### Problem description
Below is a listing with pictures. Repeat exactly the lines starting at the one holding "画像: 蒼い生命 / 森口博子" and going on through the one holding "Eleganty Kids Quick", and leave every picture out.

### Extracted information

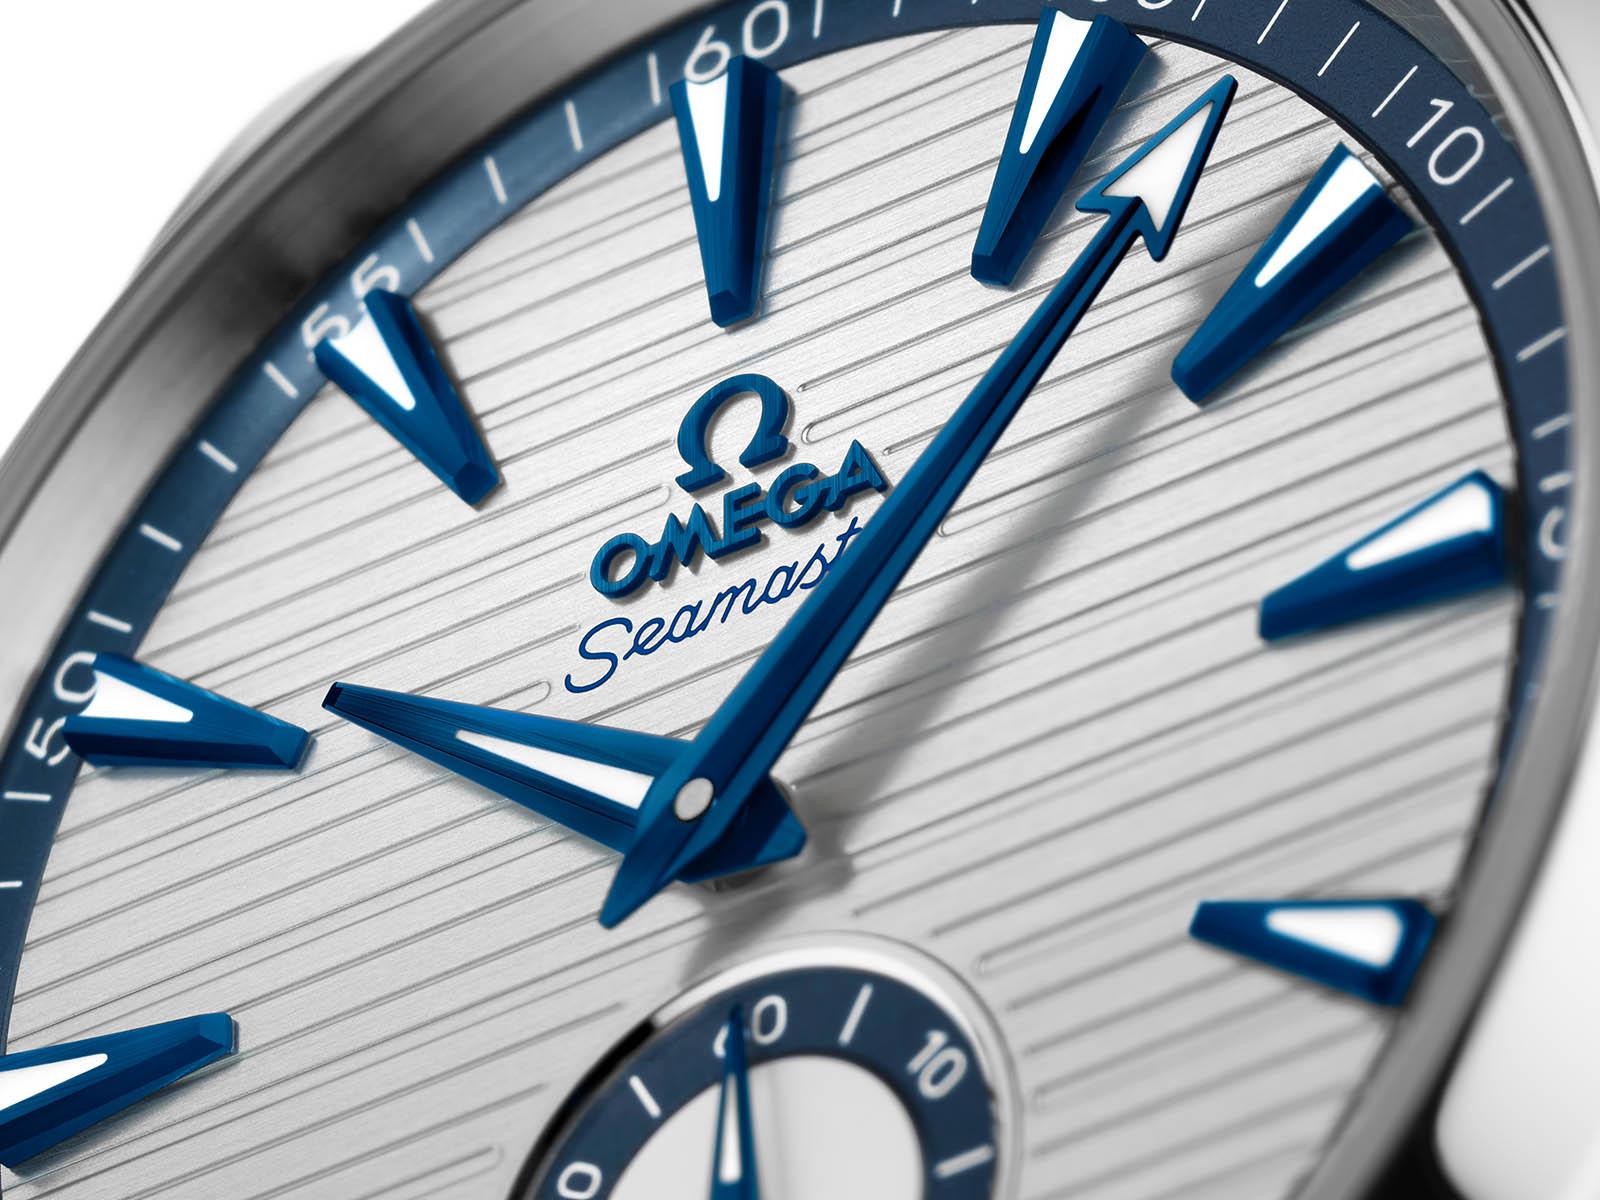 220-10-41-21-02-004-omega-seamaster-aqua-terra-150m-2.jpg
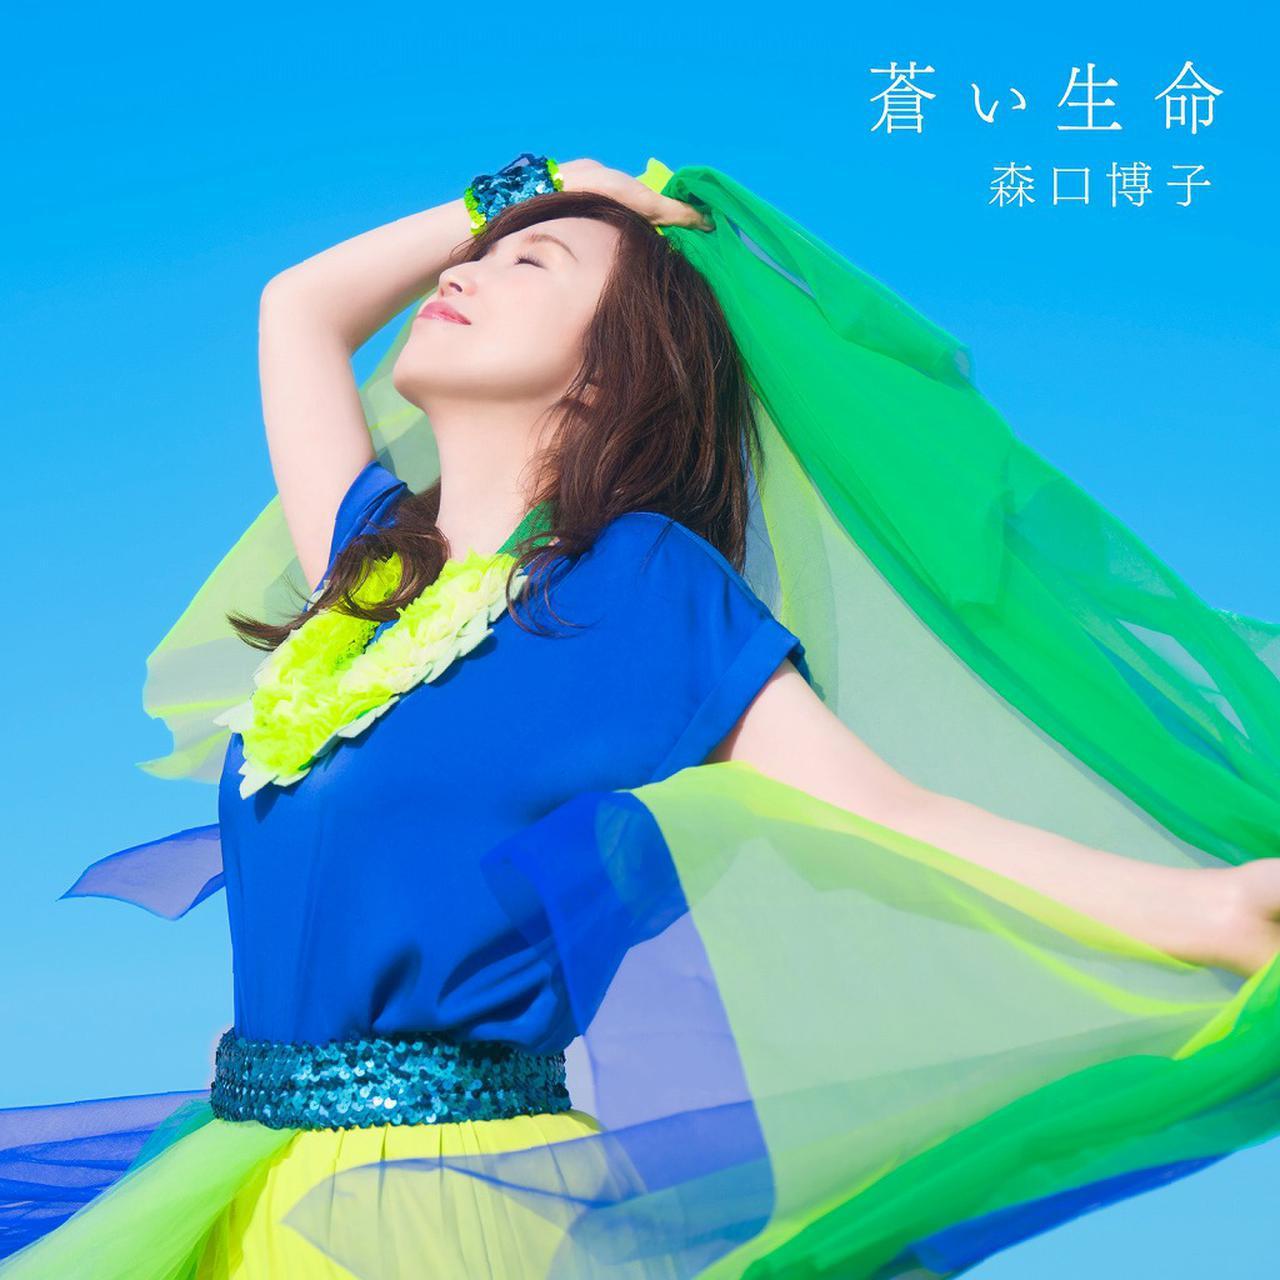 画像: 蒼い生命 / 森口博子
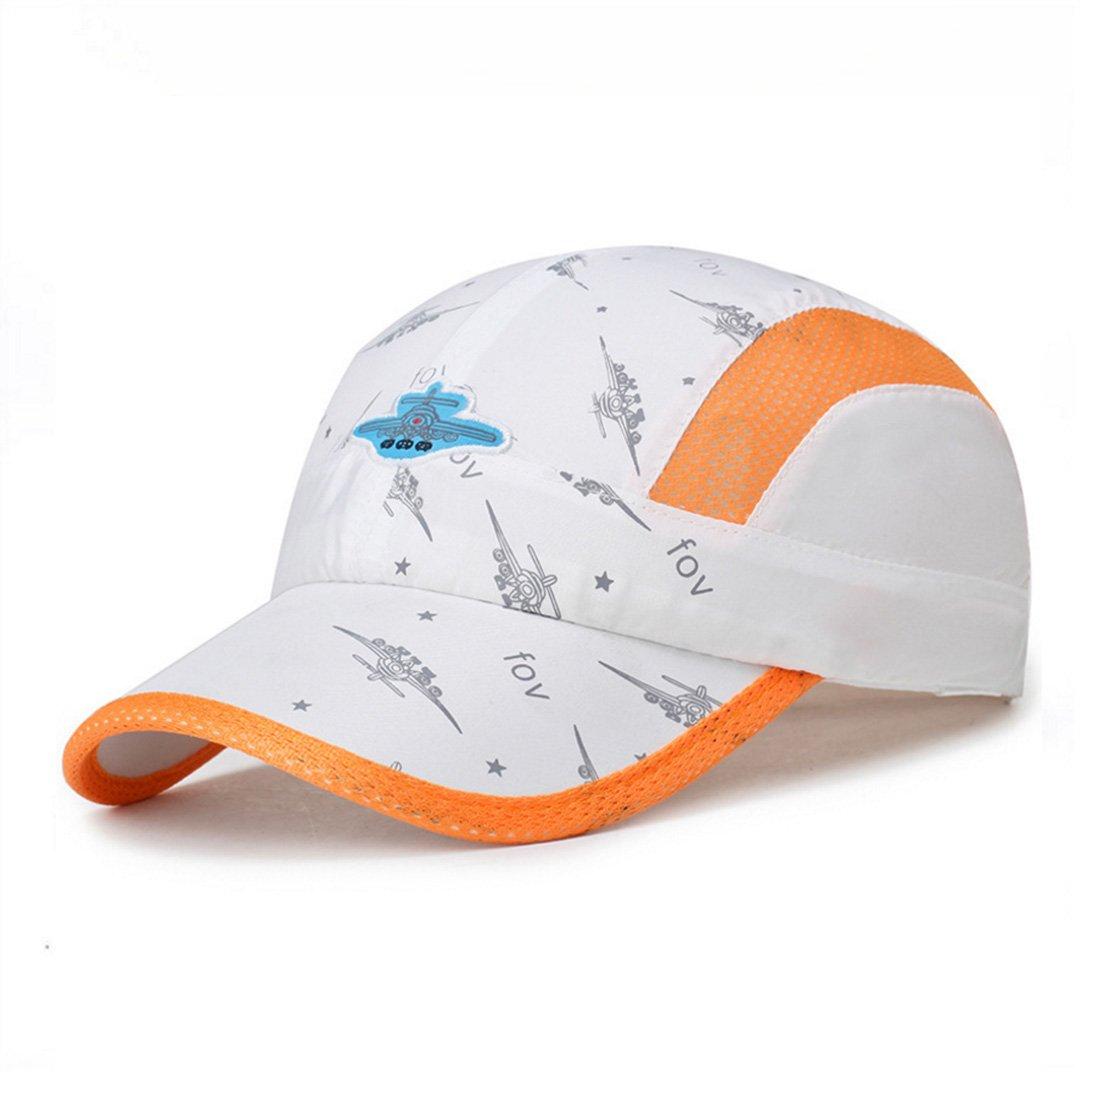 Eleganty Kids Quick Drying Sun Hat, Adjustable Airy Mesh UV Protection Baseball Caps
==
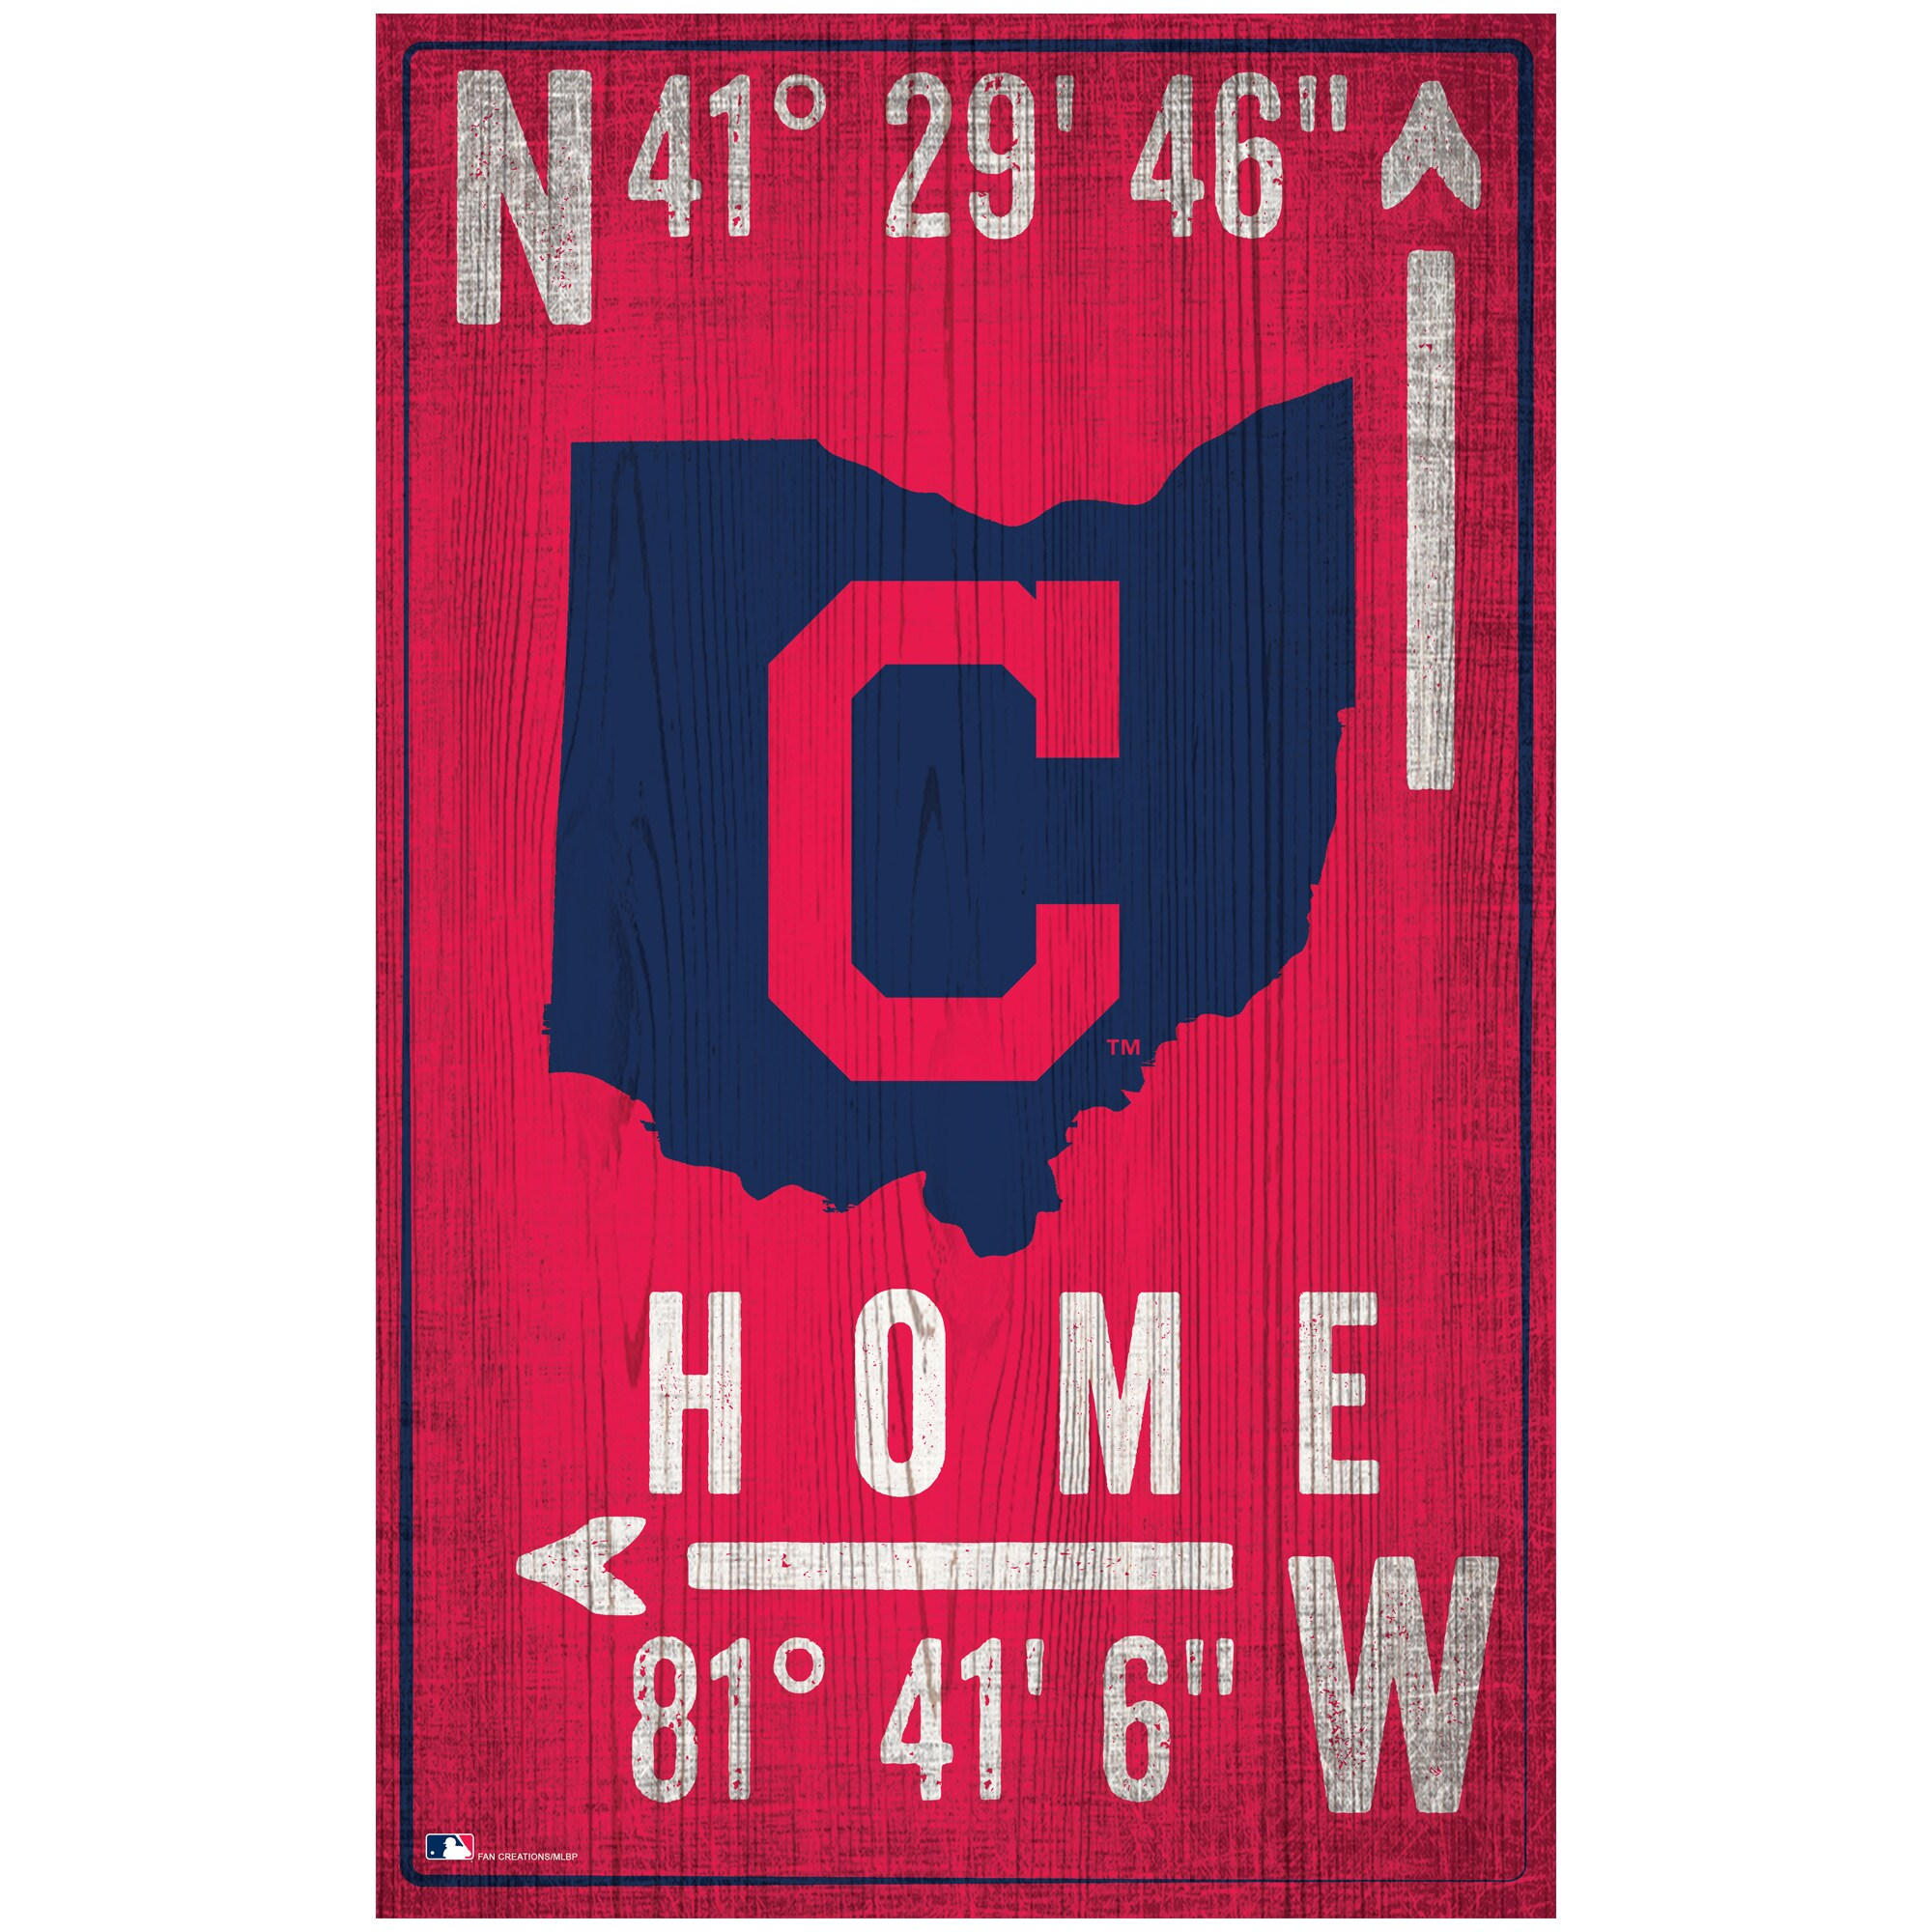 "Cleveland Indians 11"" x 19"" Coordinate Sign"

### Output below
 画像: 蒼い生命 / 森口博子
 Eleganty Kids Quick Drying Sun Hat, Adjustable Airy Mesh UV Protection Baseball Caps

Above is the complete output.